_TRY IT_
With the pictures removed, the data below must be transcribed in full and exactly.

_RECORDED DATA_
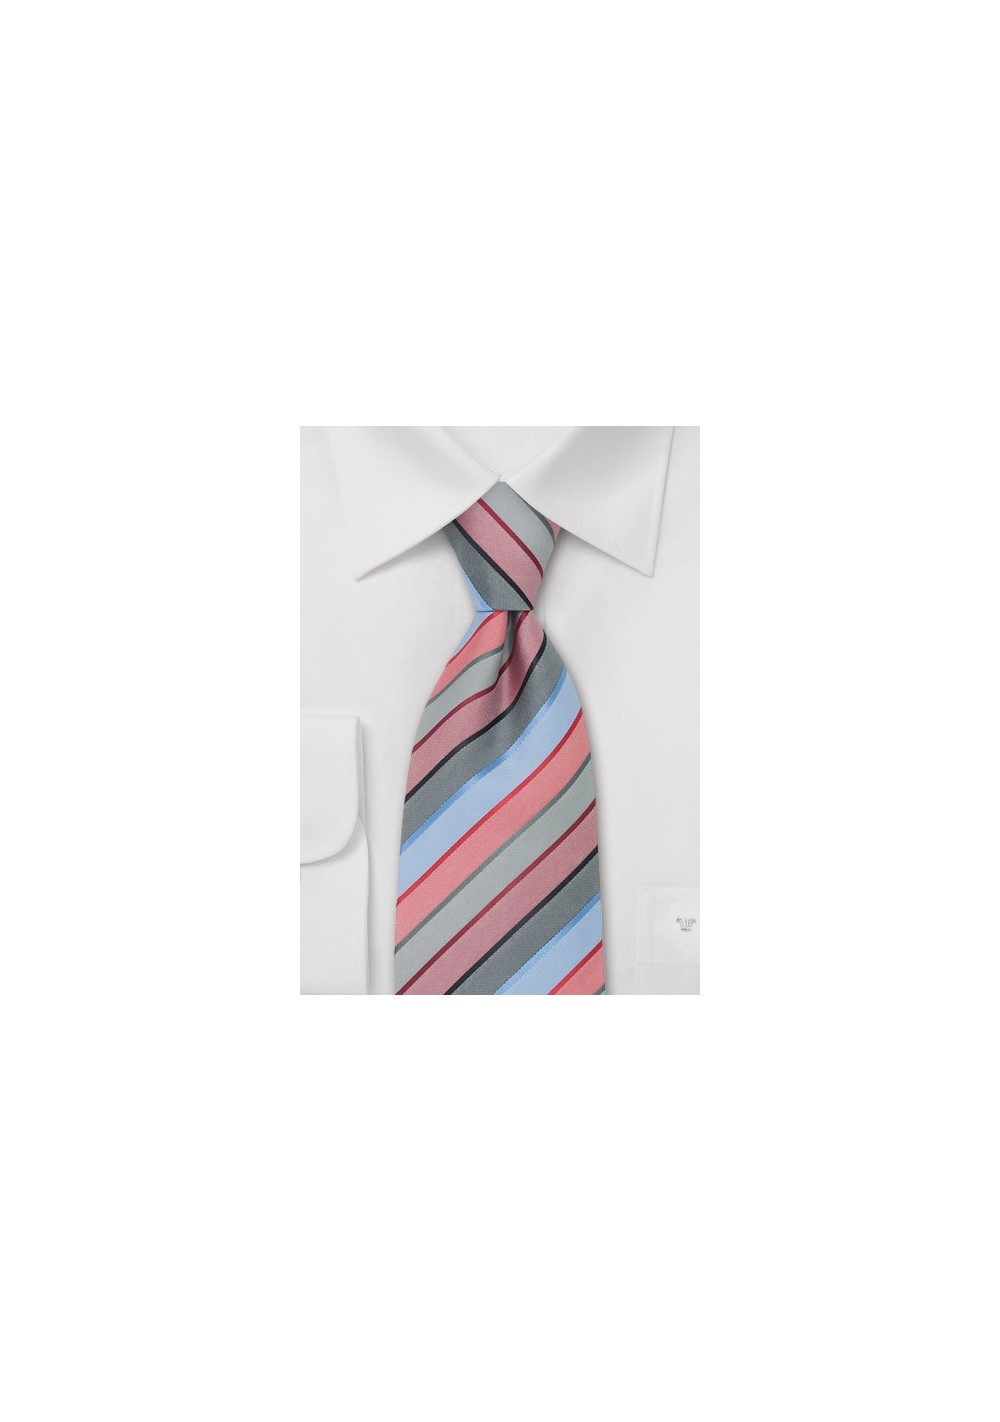 Striped Business Tie
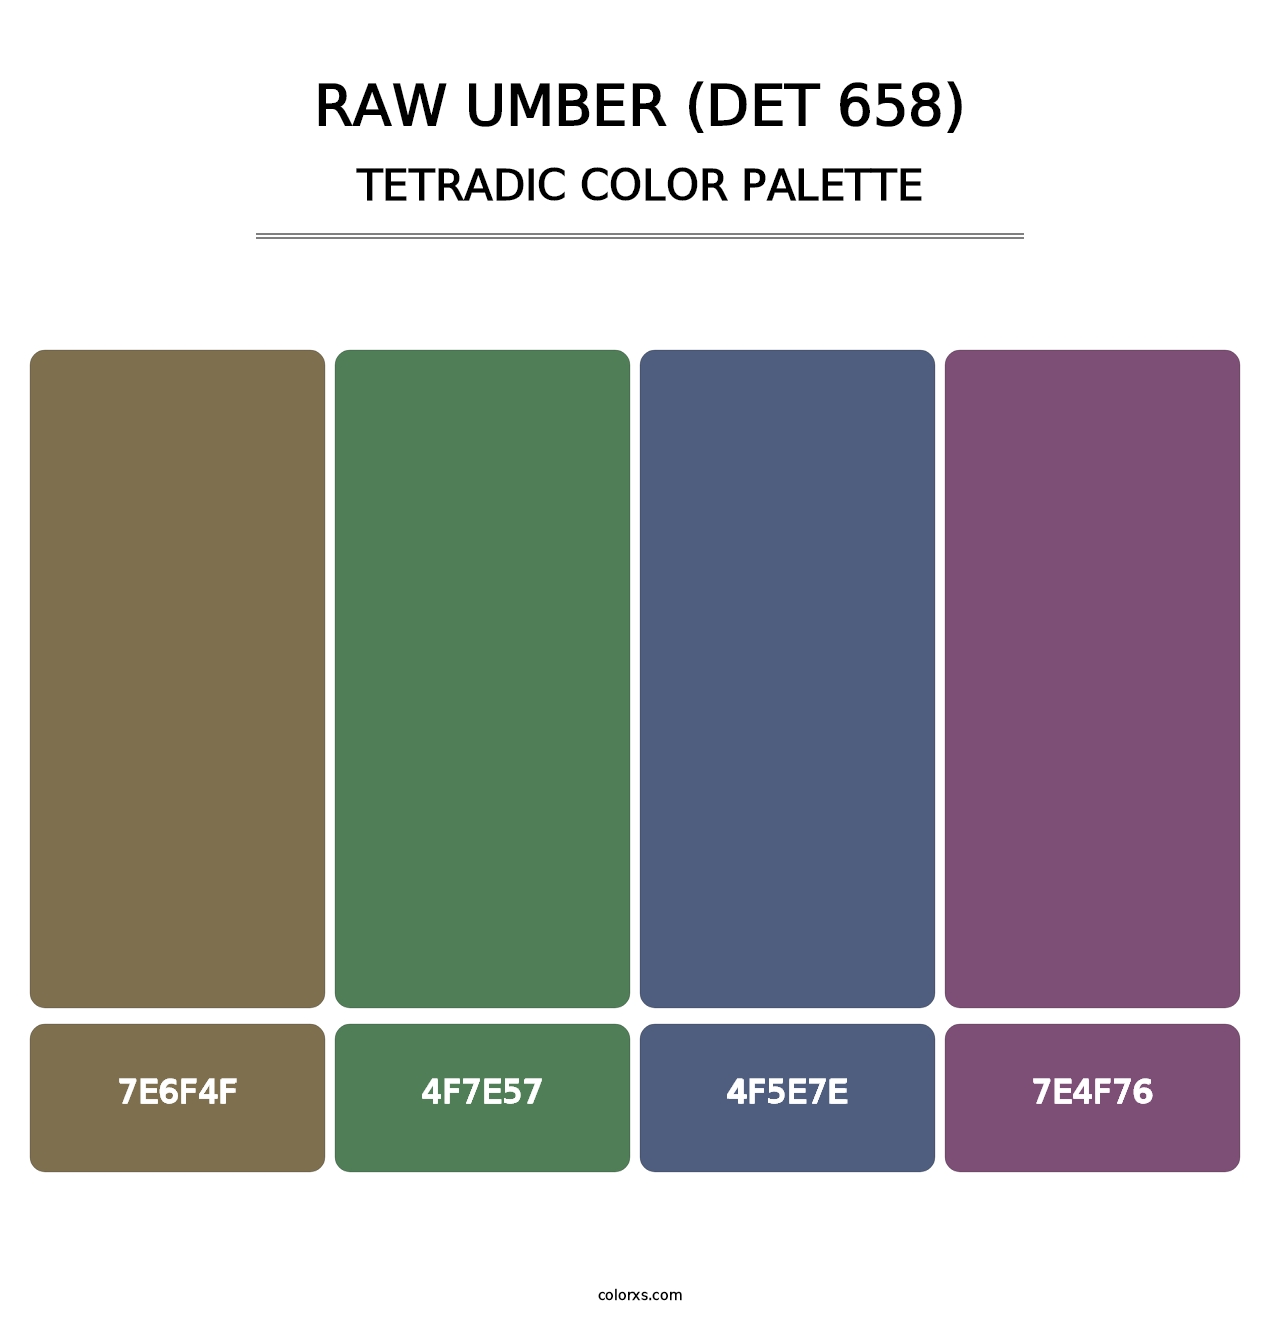 Raw Umber (DET 658) - Tetradic Color Palette
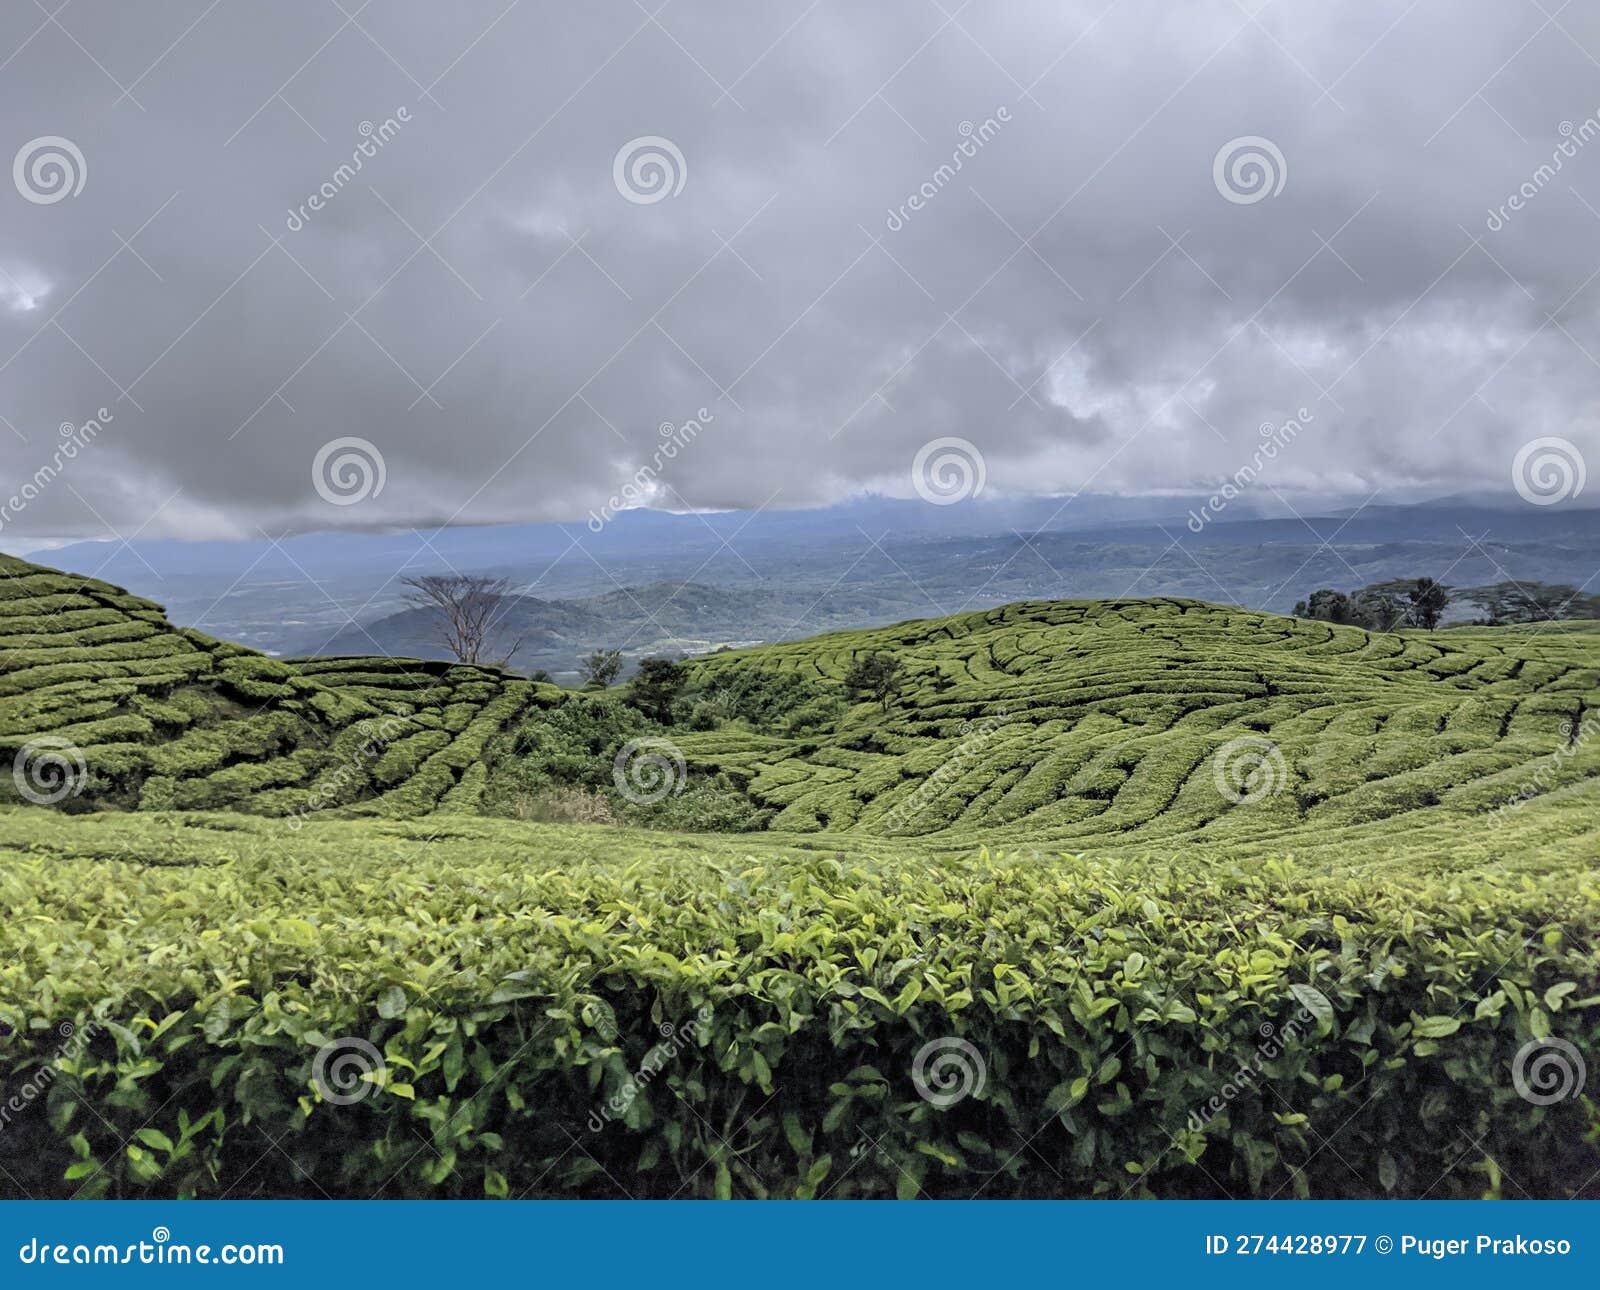 overview of tea gardens pagar alam south sumatera

_SOLUTION TO THIS TASK_
 Striped Business Tie
 Raw Umber (DET 658) - Tetradic Color Palette
 overview of tea gardens pagar alam south sumatera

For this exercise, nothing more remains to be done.